Il plongea la main dans sa veste, sous le regard indéchiffrable de son amie. Il avait le trac, mais il arriva à ne pas trembler. Cela faisait près de trois semaines qu’il attendait ce moment, depuis qu’il avait compris.
« J’aimerais t’offrir ce… Ce petit rien. »
Il maudit intérieurement sa voix incapable de tenir une seule phrase. Cela faisait près de vingt ans qu’il connaissait Victoria, pourquoi fallait-il qu’elle l’intimide exactement maintenant ?
Au moins, il ne se mélangea pas les pinceaux en ouvrant la petite boîte et en présentant son contenu. Il avait répété ce mouvement devant son miroir, et il se dit qu’il avait eu raison. Même s’il s’était senti idiot sur le coup. Mais comment allait-elle réagir ?
Elle ne disait rien, elle contemplait la bague modestement ornée d’un éclat de béryl. Clément savait que son amie préférait les bijoux discrets. Et il sentit aussi que cette fois-ci, il ne devait pas laisser le silence s’installer.
« Je crois que je n’avais pas réalisé à quel point tu m’avais manqué, en t’appelant à l’aide. En fait, je crois qu’il y a beaucoup de choses que je n’ai pas réalisées pendant des années… Victoria, je… Je— »
Elle leva simplement la main, le faisant taire presque sans y faire attention.
« C’est que… Je ne sais pas trop quoi te dire, Clément. Ça me touche beaucoup. »
Le trac se mua en angoisse. Le jeune banquier devina l’hésitation de Victoria. Elle ne savait pas si elle devait prendre la bague. Elle ne savait pas si elle pouvait la prendre. Si elle le pouvait sans faire une promesse… et lui en était sûr, elle n’avait jamais décidé qu’elle tiendrait ce genre de promesses. Ils doutaient presque autant l’un que l’autre, mais aucun ne s’en rendait compte.
Et puis Victoria décida subitement de ne pas laisser cette bague dans le vent, de ne pas laisser son soupirant un pied dans le vide. Elle avança la main pour attraper la bague, d’un geste bien moins assuré qu’elle ne l’aurait voulu.

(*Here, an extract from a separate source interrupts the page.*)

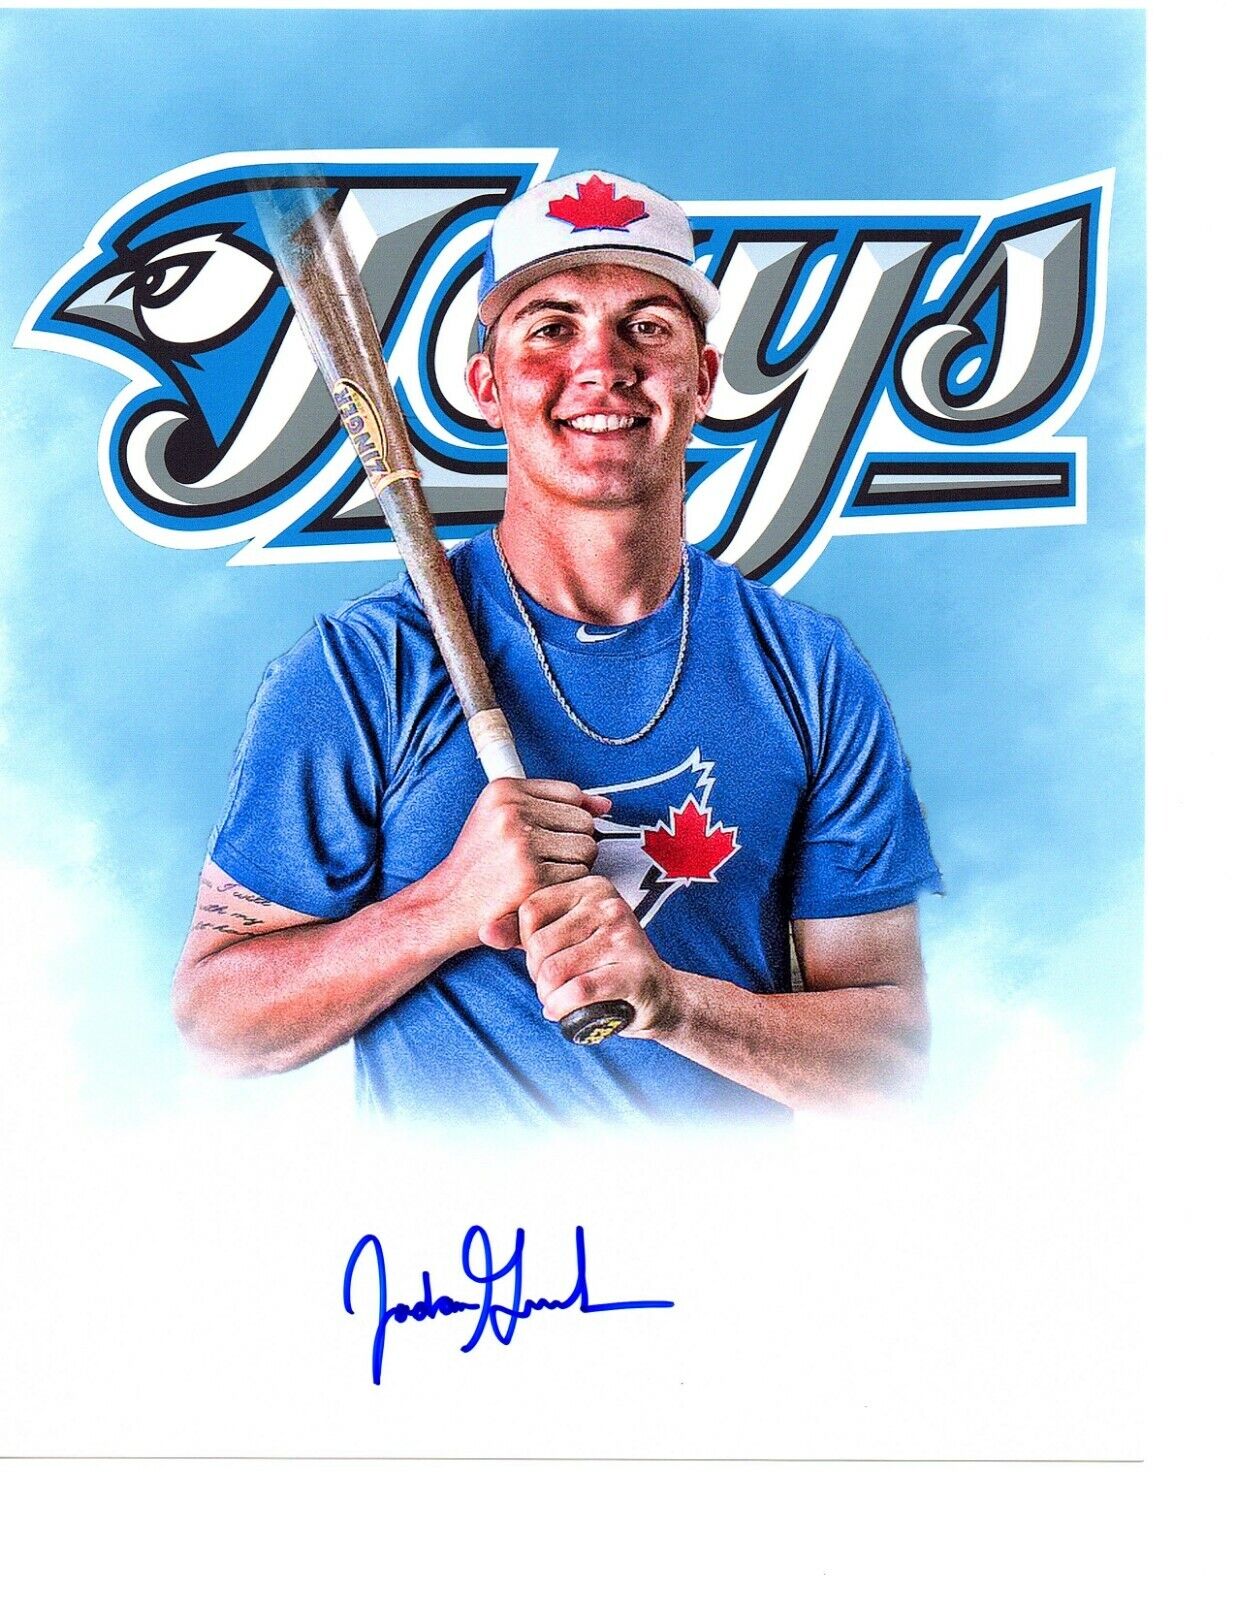 Jordan Groshans signed 8x10 Photo Poster painting autograph Toronto Blue Jays Prospect baseball*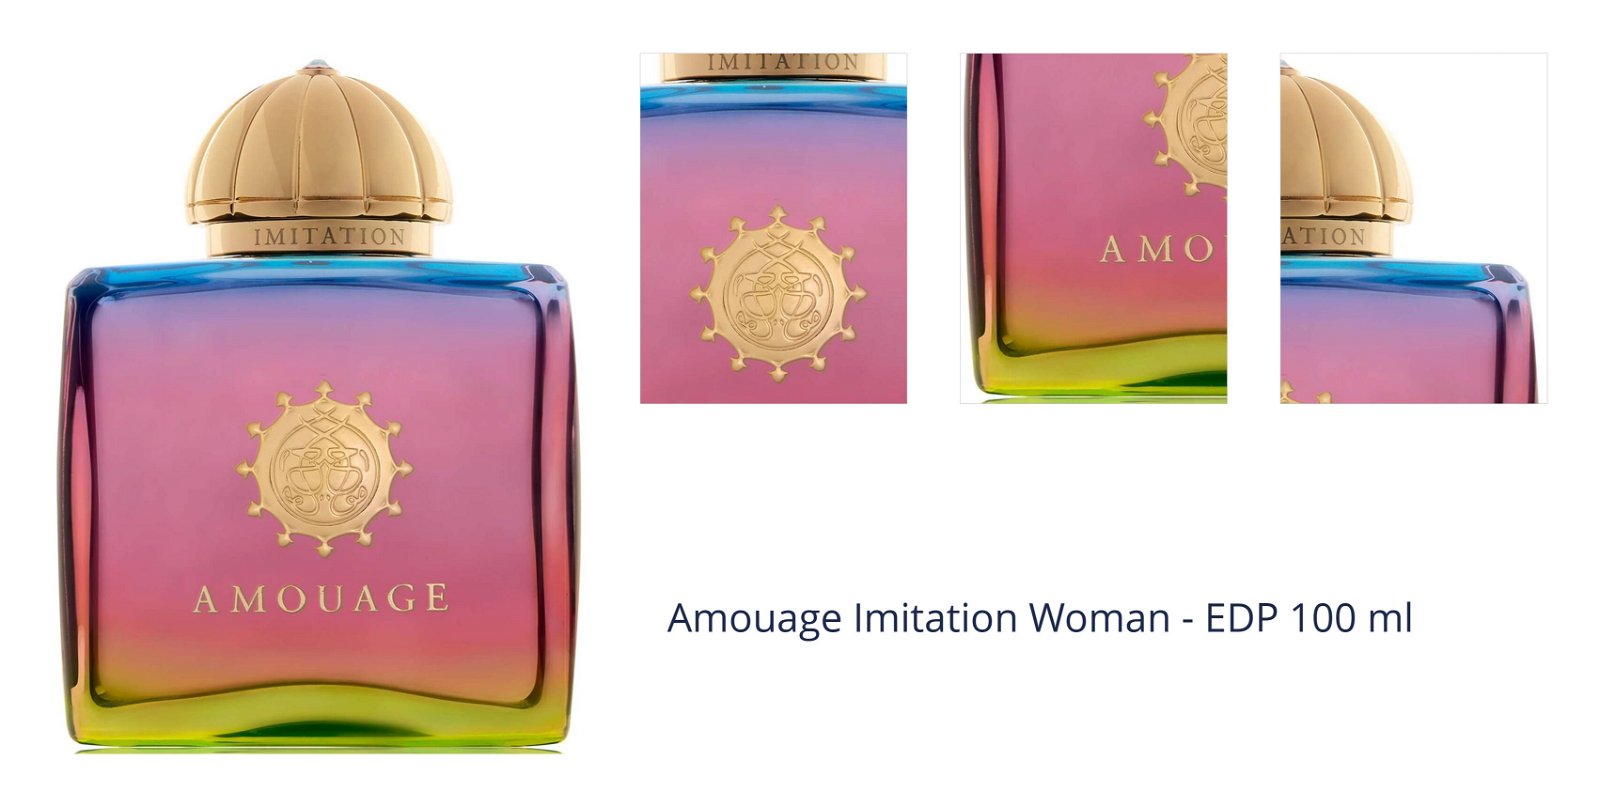 Amouage Imitation Woman - EDP 100 ml 1

Un geste assez gauche, même. La bague glissa de sa main.
Le juron ordurieux de Victoria n’y fit rien, pas plus que son bras projeté vers le minuscule projectile d’or, pas plus que le pied que Clément tenta de placer sur sa trajectoire. La bague cogna contre le bastingage, et plongea tout droit vers l’étrave écumante du paquebot.
« Oh putain Clément, je suis désolée !
— Euh, je, mais non ce n’est pas… »
Mais ça l’était.
Ils se turent, mortifiés. Dans leur silence, ils entendirent le ricanement de hyène d’une vieille dame à quelques mètres de là, qui avait assisté à toute la scène.